CONTACT:
Barry Creighton
907 262-2824
burdock@ionia.org
Mental Health Consumers Consortium Announces Budget Initiatives
FOR IMMEDIATE RELEASE
MAY 15, 2002
Kasilof, ALASKA.
The Alaska Mental Health "Consumers Consortium" announced today that it has submitted a comprehensive set of budget proposals to substantially improve the lives of many Alaskans suffering from psychiatric disabilities such as bi-polar disorder and schizophrenia while at the same time save the state money. The full text of the Consortium's proposals can be found on the Internet at http://akmhcweb.org/announcements/2002rfr/consortiumproposals.htm. "This is a historical accomplishment for Alaska consumers," said Katsumi Kenaston, president of the Alaska Mental Health Consumer Web, one of the members of the Consortium. The budget proposals are part of the two-year budget cycle that results in the Alaska Mental Health Trust Authority's annual recommendations to the Governor and Alaska Legislature as part of the settlement of the decade long litigation of the Mental Health Lands Trust. Part of the settlement requires the Governor and the Legislature to explain any deviations from the Trust's recommendations.
Jill Ramsey, Executive Director of NAMI-Alaska,
an organization of mental health consumers and family members, said "we need
Alaska's mental health system to begin to move towards what Dr. Courtenay
Harding, the preeminent researcher on recovery from mental illness, has found
are the keys to success, 'Although there are many pathways to recovery, several
factors stand out. They include a home, a job, friends and integration in the
community.

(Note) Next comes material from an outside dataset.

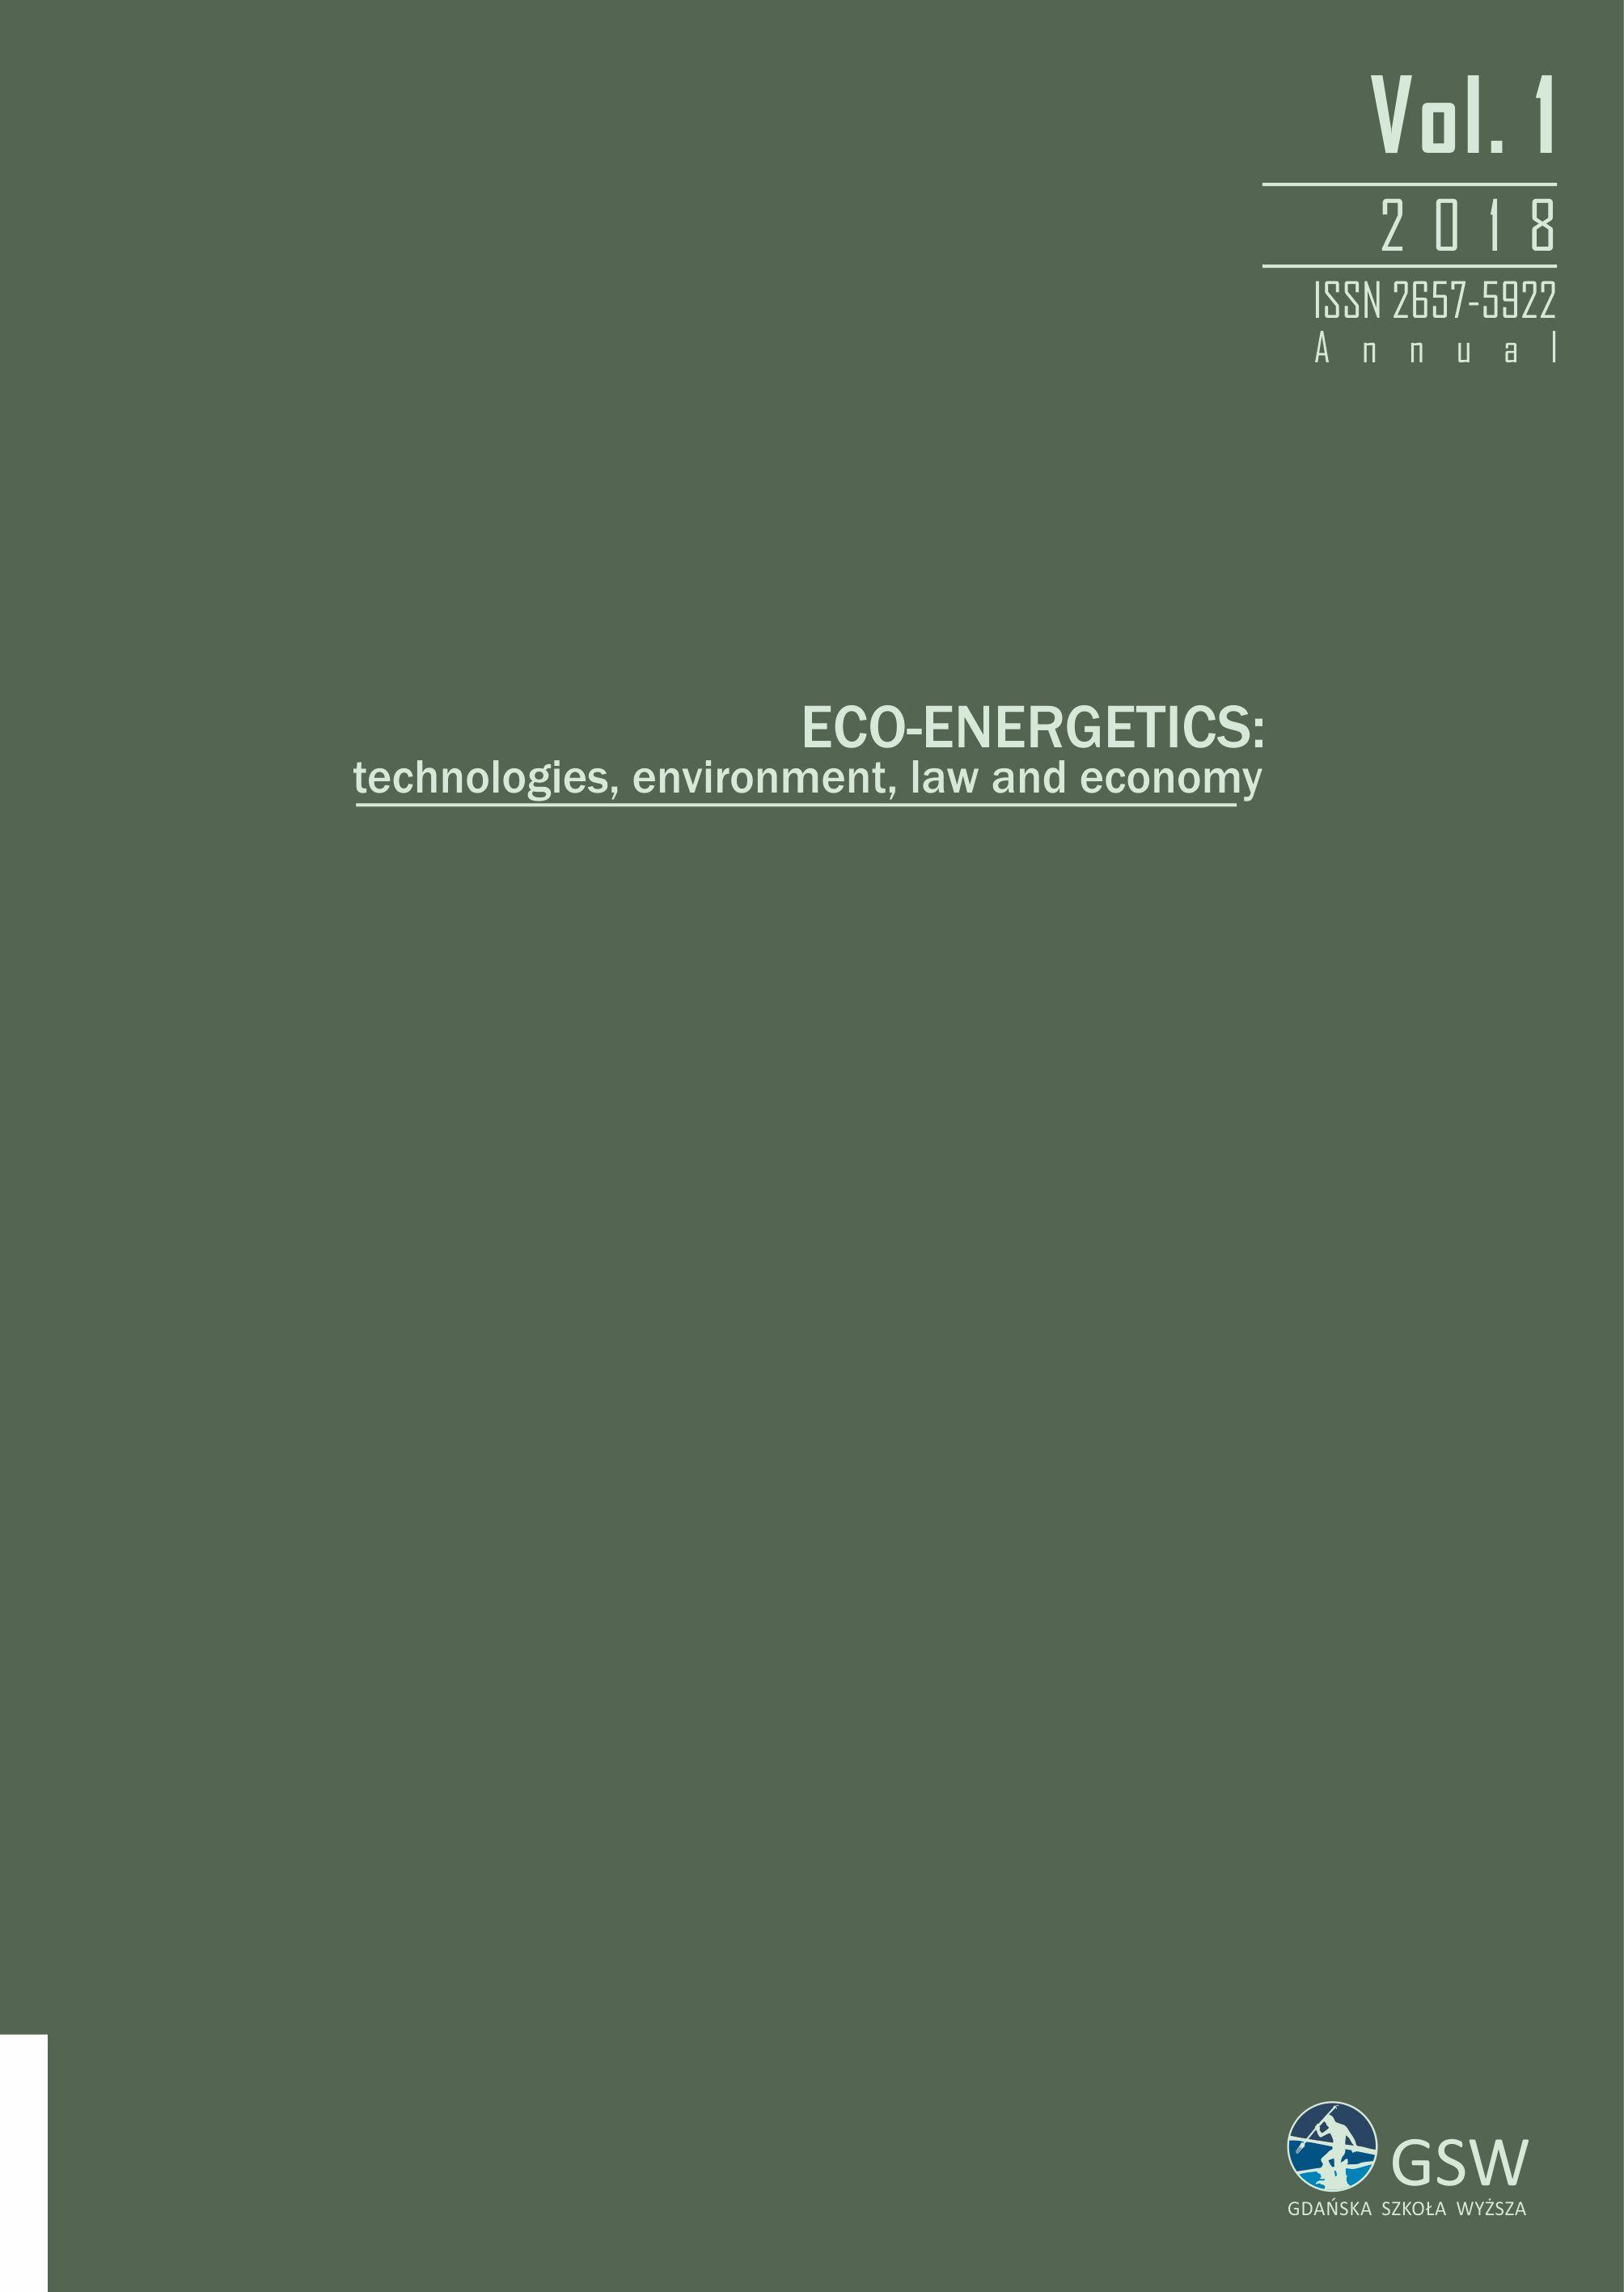 Eco-Energetics, vol. 1 - pierwsza strona okładki

They also include hope, relearned optimism and self-sufficiency.'
These proposals are directly aimed at getting people better, into jobs and out
of the mental health system."
Pat Hjellen, Executive Director of the Alaska Mental Health Consumer Web noted
that the Alaska Mental Health Board and the Trust Authority have been
encouraging and helping mental health consumers to get involved in mental health
system policy making. "Now that we have taken them up on participating and have
made these proposals to get people better and save money at the same time, it
will be interesting to see their reaction."

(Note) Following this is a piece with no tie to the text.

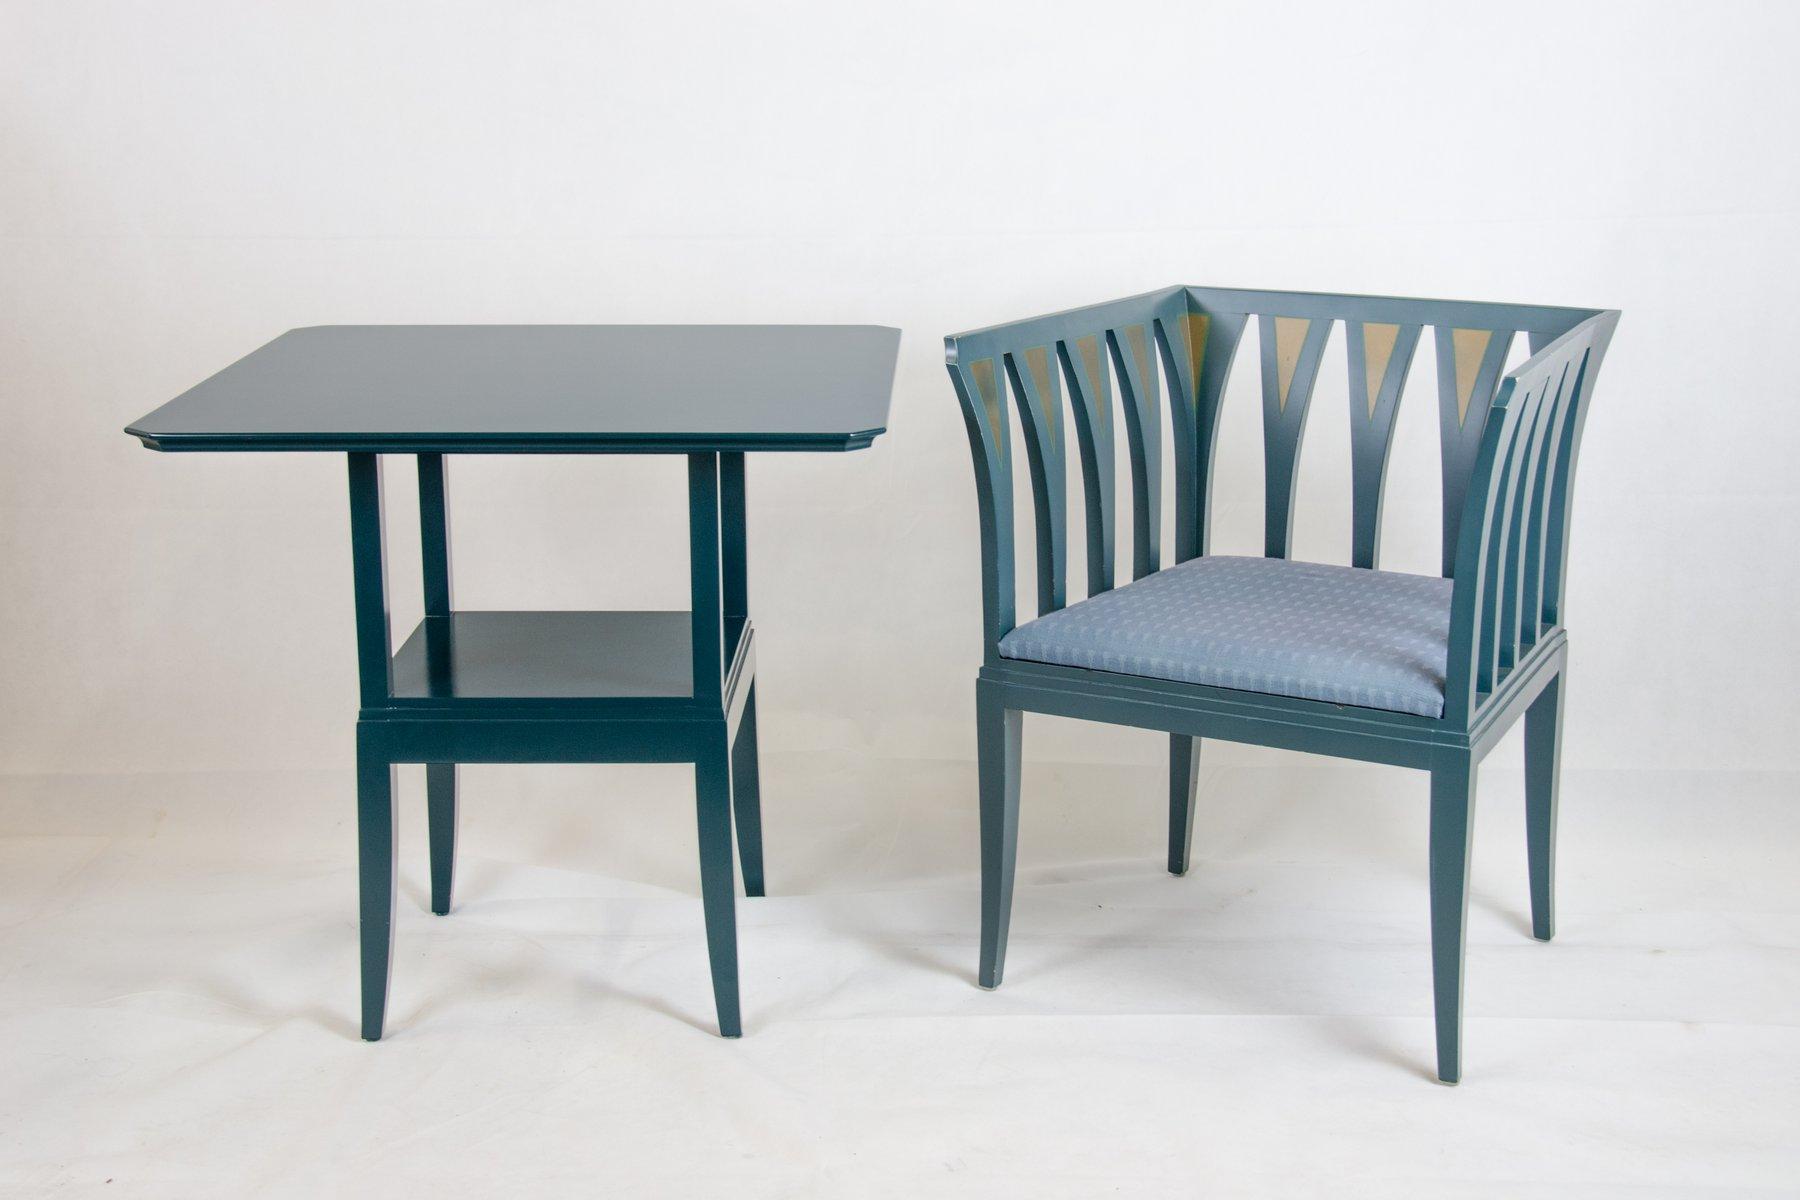 Wunderbar Küchentisch Stuhl Setzt Ideen - Ideen Für Die Küche ...

Barry Creighton, from Ionia in Kasilof, describing how the group formed said, "The Consumers Consortium came together when discouraged and weary consumer run organizations discovered their common problems and began looking for common solutions. The consortium has the assumption of commonness rather than the assumption of separation. In response to the Board’s call for input into the budget building process, we believe that it will be much easier for the MH system to respond effectively to us as a group, working together. In that spirit, we have gathered in order to build a consensus around the mental health system. “ The Mental Health Board's Budget Committee begins deliberations on the budget proposals May 30-31 in 8th Floor Conference room of the Frontier Building, 3601 C Street, in Anchorage.